4. Role of Neuroinflammation in the Onset of Neurodegeneration
Recent studies have demonstrated a bridge between chronic inflammation and neurodegeneration. Apoptosis or programmed cell death and necrosis lead to neuronal cell death in the brain
[52]. An increased burden of neurodegenerative conditions on the health care system and a lack of effective treatments available pose an urgent need to identify new drug targets. The most common feature that has been found in several neurodegenerative diseases such as Parkinson’s disease and Alzheimer’s disease is chronic neuroinflammation. Glial cells have been identified as the mediators of neurodegeneration and are responsible for the onset and progression of these diseases.

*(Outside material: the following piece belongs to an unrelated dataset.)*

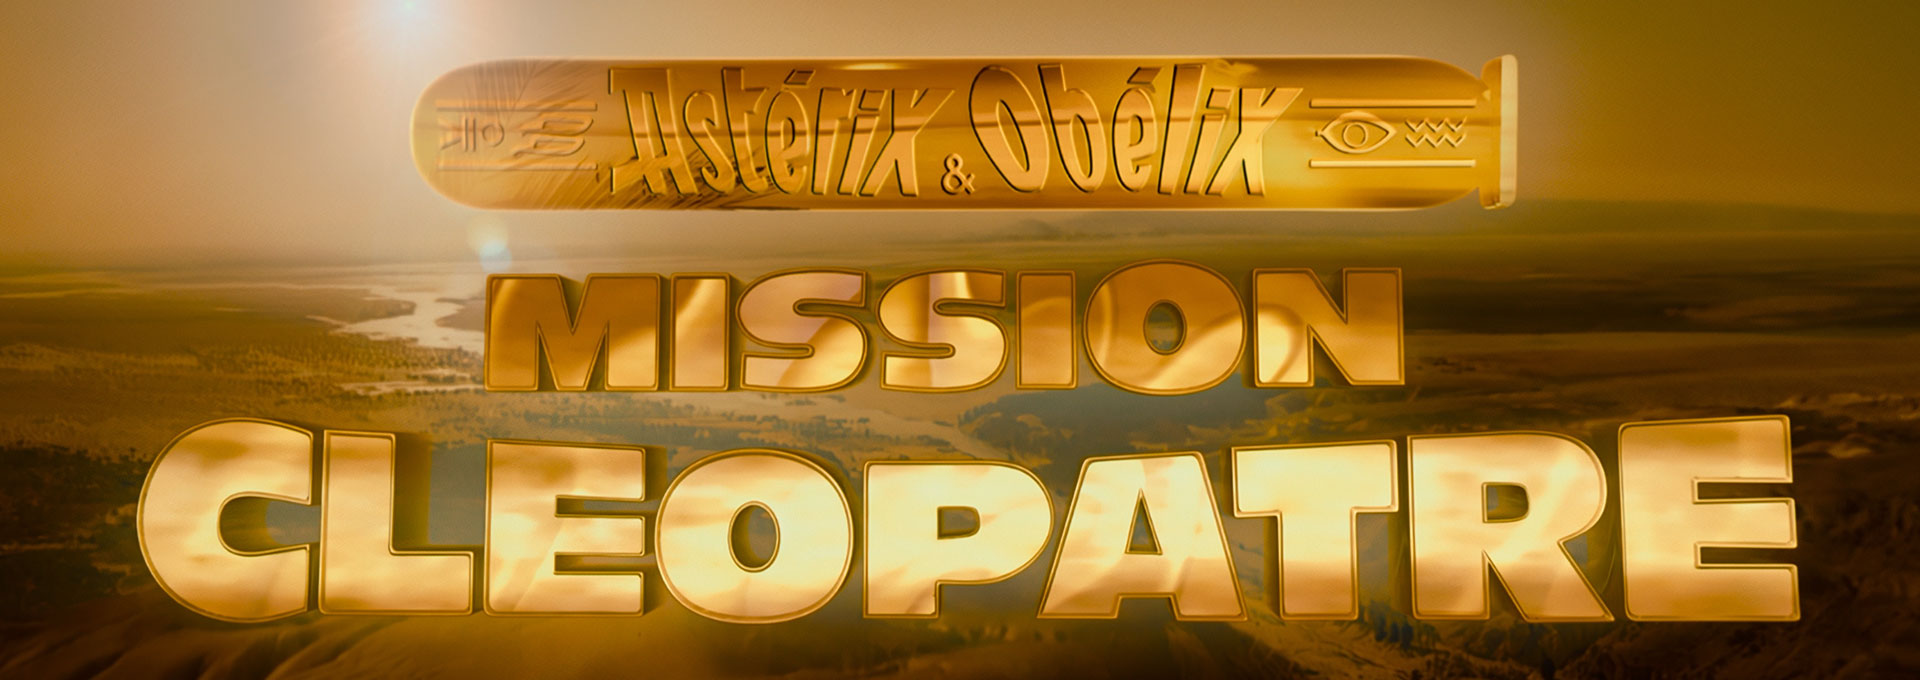 Astérix & Obélix Mission Cléopâtre - Hiventy

Neuronal health is mainly monitored by the nervous system’s immune cells, called microglia
[53]. These cells are activated upon any injury to neurons or infections, which further produces proinflammatory factors (M1 phenotype) or anti-inflammatory factors (M2 phenotype). For a healthy functioning of the human brain, it is necessary to have the correct balance between anti-inflammatory mediators, which allow for the repair and healing of tissues, and proinflammatory mediators, which clear the cellular debris and misfolded protein aggregation is maintained
[54]. The activation of microglia cells in Alzheimer’s and Parkinson’s disease is mainly tilted towards the M1 phenotype, which leads to an exaggeration of inflammation and accelerates the progression of the disease
[55]. The new therapies for the management of neurodegeneration include induction of the M2 phenotype and deactivation of the M1 phenotype in the brain.

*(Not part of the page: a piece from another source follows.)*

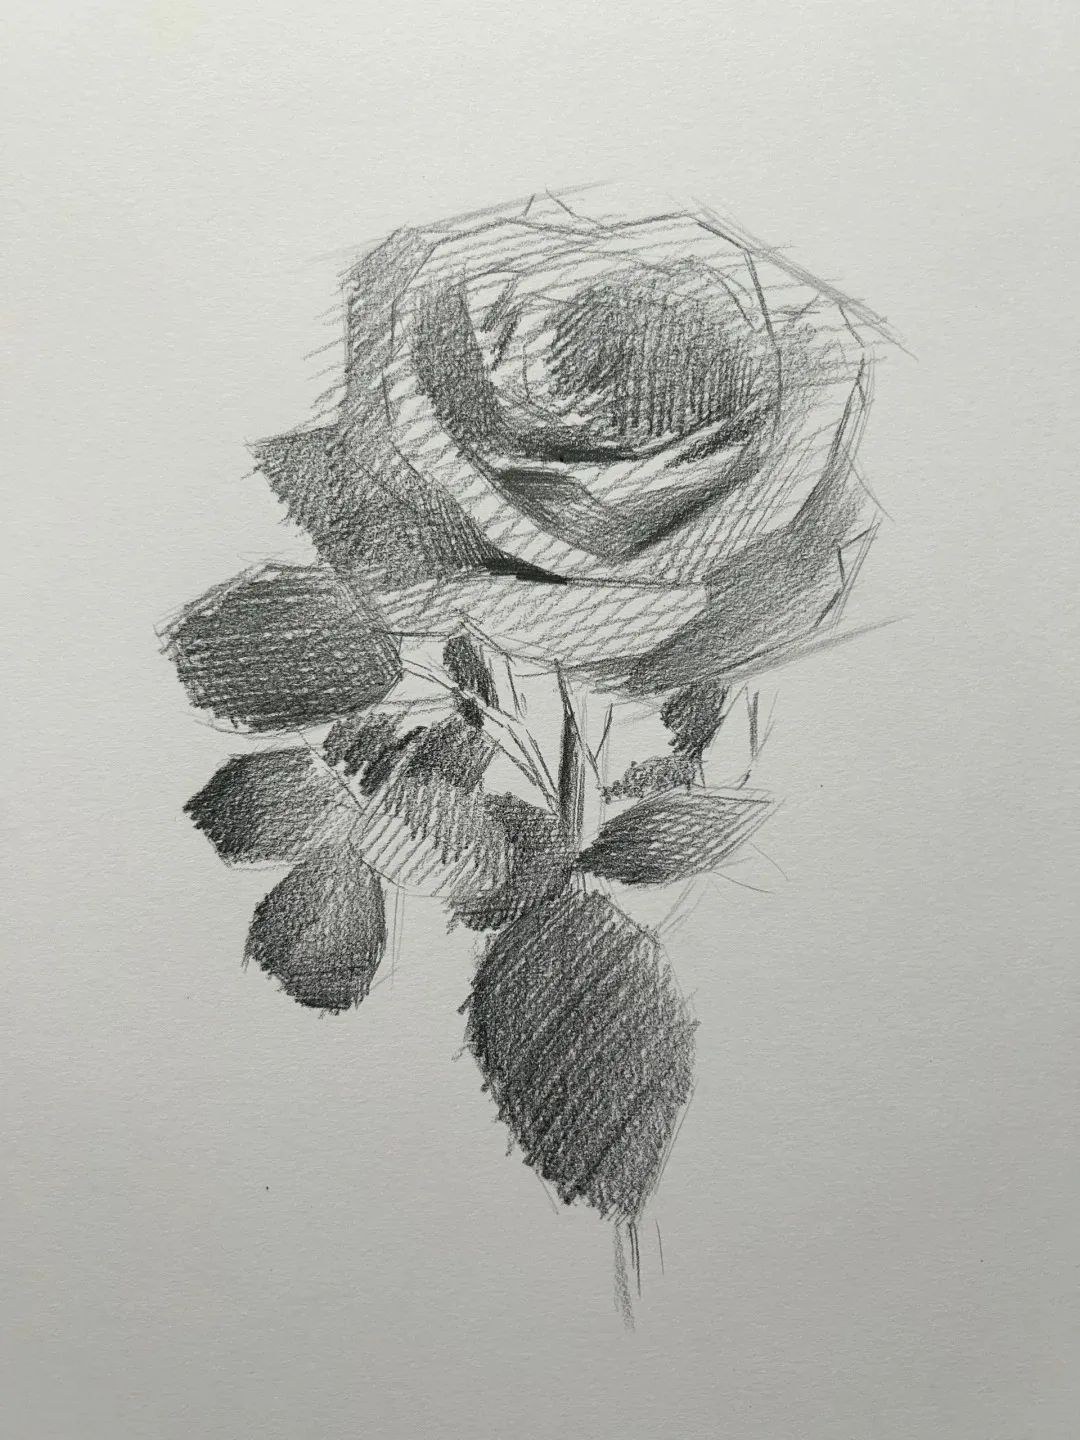 美术匠素描教程:跟随这份图文教程,绘制你的第一朵玫瑰

Astrocytes are another type of glial cells that are present in the brain and regulate the maintenance and maturation of neuronal cells. They are highly sensitive and respond to injury very quickly, as do microglia cells
[56]. Depending upon their activation, they can be neuroprotective by stimulating repair and reducing inflammation or be neurotoxic by promoting inflammation and contributing to the death of neuronal cells. Activated astrocytes also act as a proinflammatory factor in Parkinson’s disease and Alzheimer’s disease
[57]. Their role has been implicated in the breakdown of the blood–brain barrier, thereby encouraging the infiltration of immune cells into the brain, which increases neuronal death by excessive stimulation and impairment of the uptake of neurotransmitter glutamate. Another type of glial cell, called oligodendrocytes, also poses a significant role in neurodegeneration
[58]. Oligodendrocytes form a sheath of myelin around the nerve fibers, which permits the efficient and rapid transmission of electrical impulses across neurons and thus induces signal transmission. Damage in these cells has been attributed to the progression of multiple sclerosis and other neurodegenerative diseases in which the immune system attacks oligodendrocytes and damages the myelin sheath, thereby reducing levels of myelin proteins in brain tissue
[59].
5. Conclusions
The number of patients suffering from neurological disorders is increasing at an alarming rate. Several pathologies have been identified that cause the onset of neurological diseases; however, there is still a significant gap in the understanding and targeting of them for the development of medications for prevention and cure. With advancing technologies, the understanding of molecular mechanisms in populations exposed to vulnerable neurodegenerative diseases is also improving, which will lead to deeper insights into the functional interplay between several factors such as oxidative stress, neuronal cell death, and neuroinflammation in the occurrence of neurological diseases, which has been described in the article. Eventually, studying pathological mechanisms can lead to the targeted derived production of therapies that will improve global health and invoke management of neurological disorders, thereby improving the quality of life of individuals.